“And this is his commandment, That we should believe on the name of his Son Jesus Christ, and love one another, as he gave us commandment.”
My Notes
What Does 1 John 3:23 Mean?
1 John 3:23 distills the entire Christian life into a single commandment with two inseparable parts: "That we should believe on the name of his Son Jesus Christ, and love one another, as he gave us commandment." Believe and love. Vertical and horizontal. Faith toward God and action toward people.
The Greek structure treats these as one commandment — entolē, singular — not two. John isn't giving a list. He's describing a single reality with two expressions. Belief in Jesus and love for one another aren't separate obligations you check off independently. They're two sides of the same coin. You can't genuinely believe in Christ without loving people, and you can't truly love people (in the way John means) without believing in Christ.
The phrase "believe on the name" — pisteusōmen tō onomati — means to trust in the person and character that the name represents. And "love one another" — agapōmen allēlous — uses the present tense: keep on loving. It's continuous, not episodic. John's vision of the Christian life is beautifully simple: ongoing trust in Jesus, expressed through ongoing love for the people around you. Everything else is commentary.
Reflection Questions
- 1.Has your faith become more complicated than 'believe and love'? What accumulated complexity might you need to set down?

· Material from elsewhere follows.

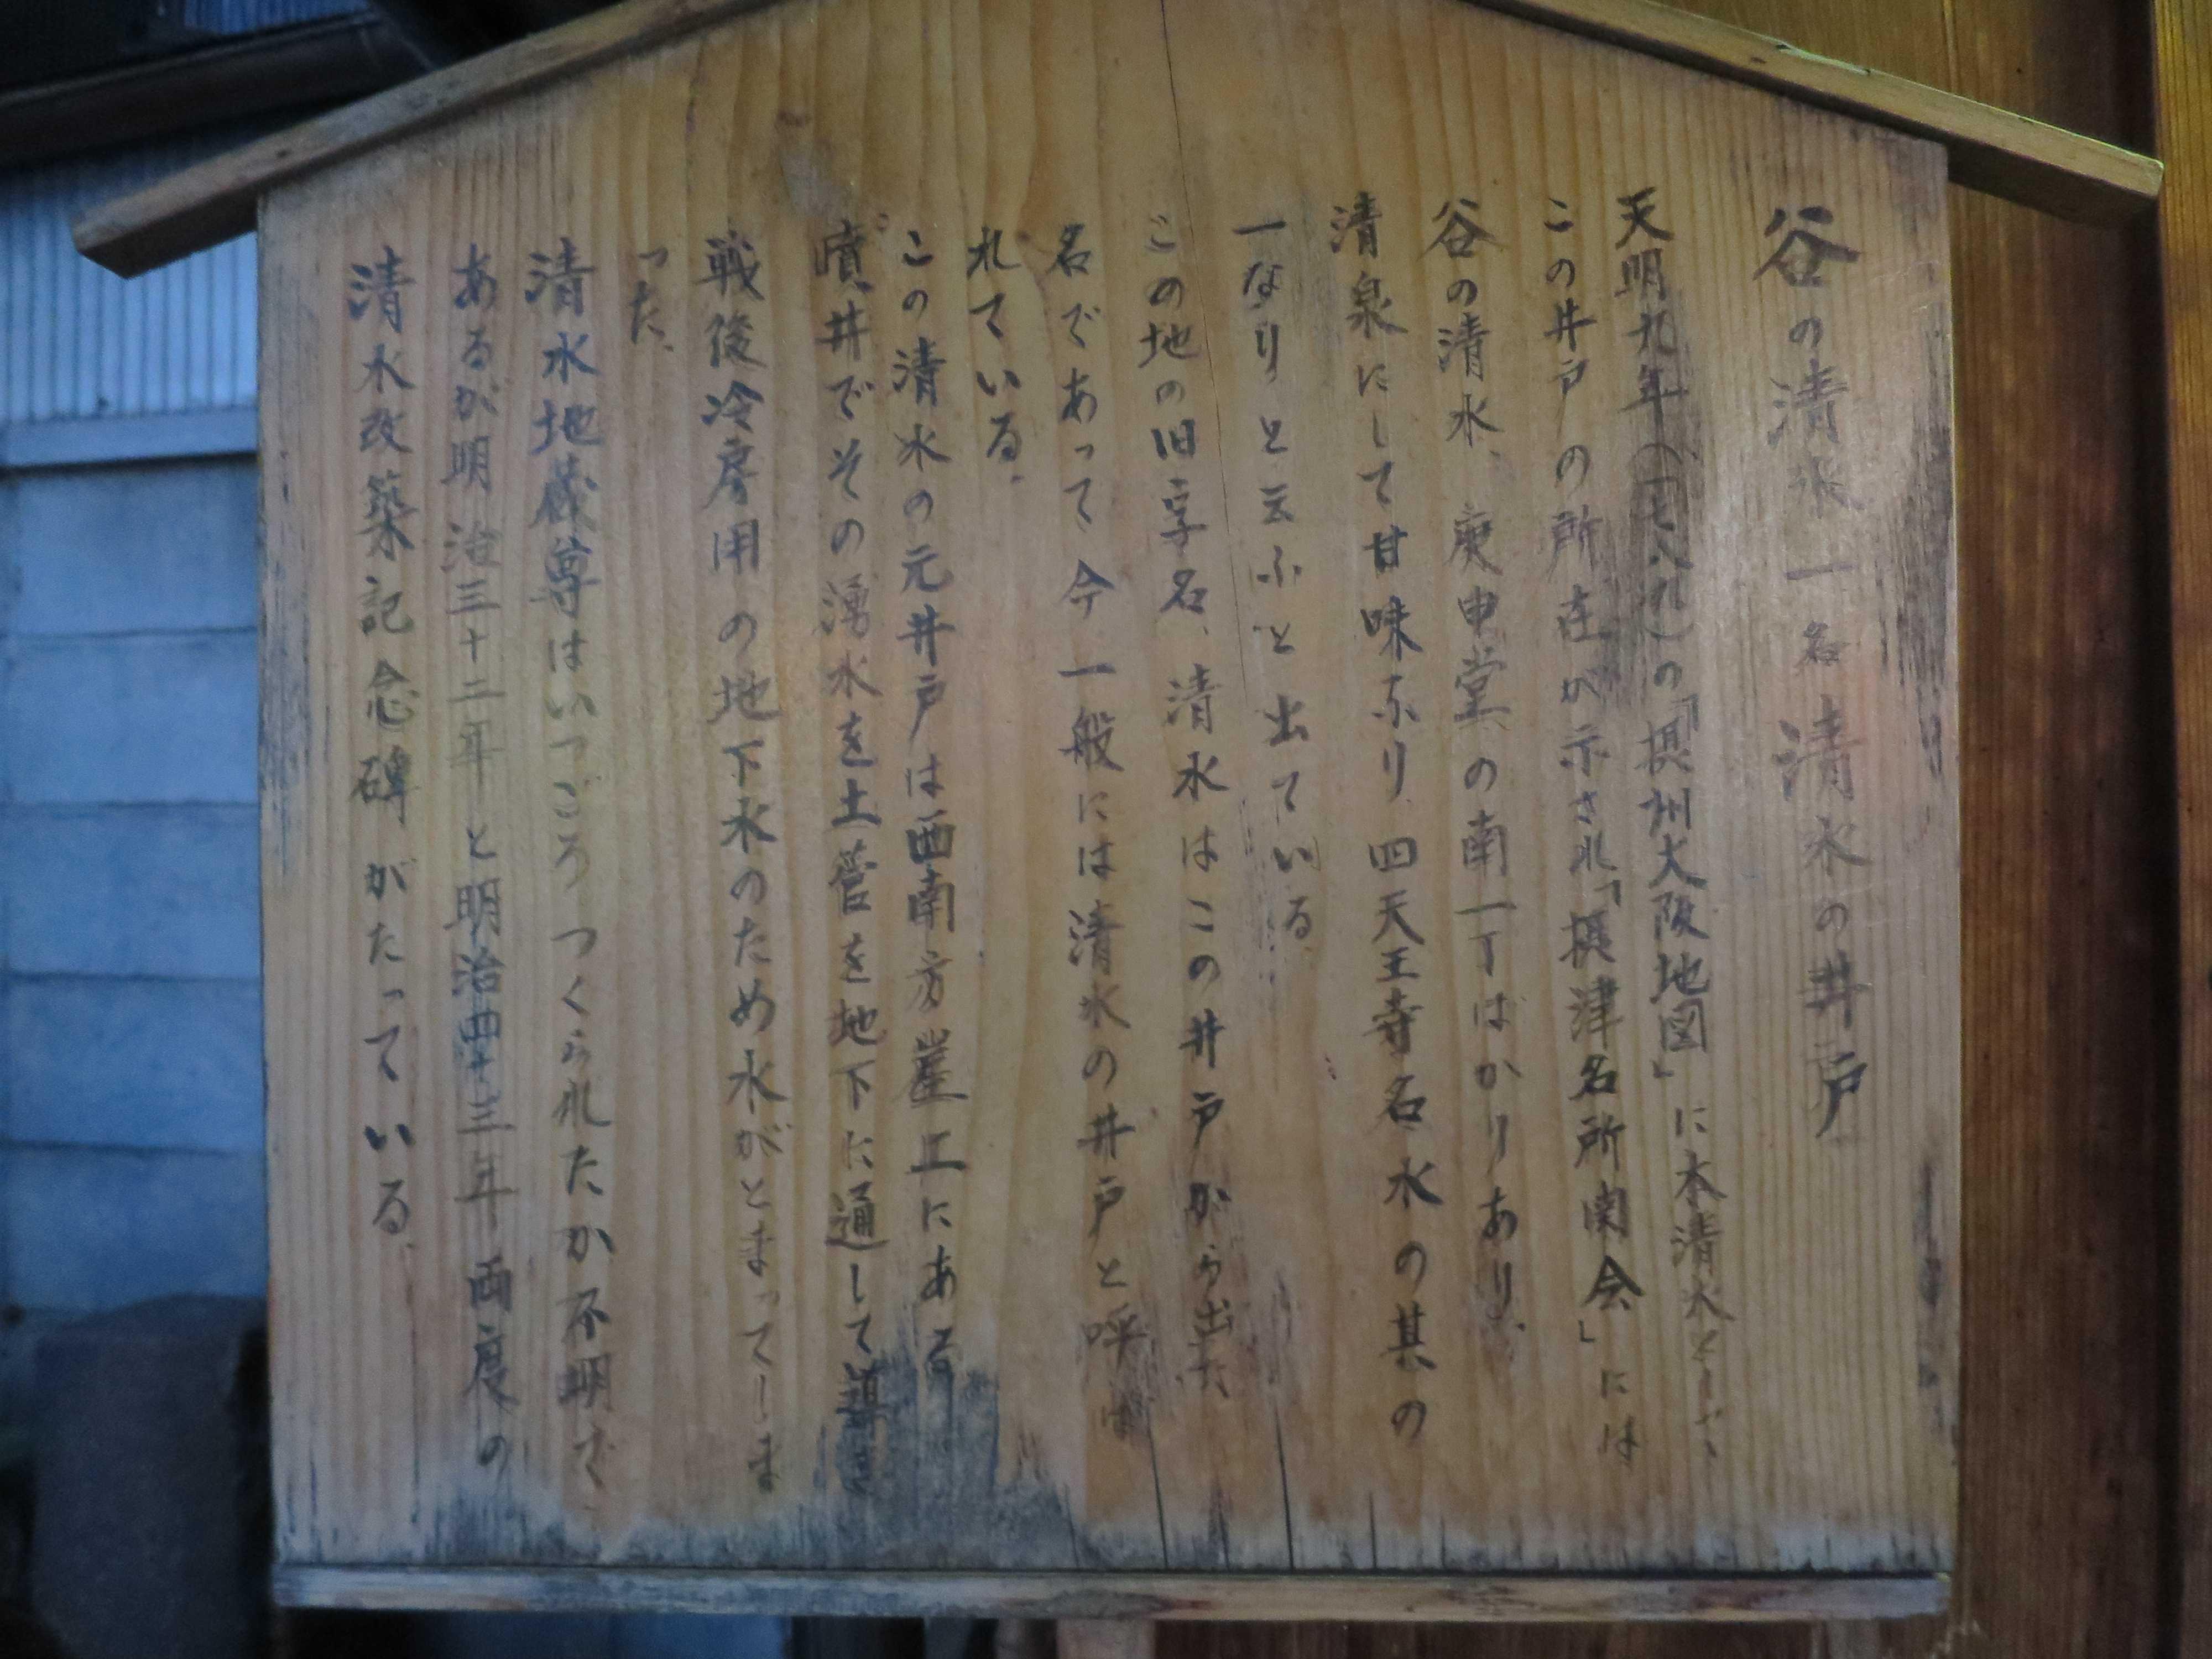 天王寺 谷の清水 一名 清水の井戸

- 2.Which half comes more naturally to you — belief (trusting Jesus) or love (serving people)? What would it look like to strengthen the weaker half?
- 3.John treats belief and love as one commandment, not two. Have you seen what happens when someone tries to separate them — belief without love, or love without belief?
- 4.If you stripped your faith down to these two essentials today, what would stay and what would fall away?
Devotional
If you've ever felt overwhelmed by the complexity of the Christian life — the doctrines to master, the disciplines to maintain, the rules to follow, the debates to navigate — John simplifies everything into one sentence: believe in Jesus and love each other.
That's it. That's the commandment. Singular.
Not believe the right theology and attend the right church and read the right number of chapters and pray for the right amount of time. Believe in Jesus. Trust His name. Rest in who He is. And then let that belief flow outward into love for the people God puts in front of you.
John makes these inseparable on purpose. The person who says "I believe in Jesus" but treats people with contempt has separated what God joined. And the person who says "I love everyone" but doesn't anchor that love in Christ is building on a foundation that will eventually crack. Belief without love is dead religion. Love without belief is sentimentality. Together, they're the whole commandment.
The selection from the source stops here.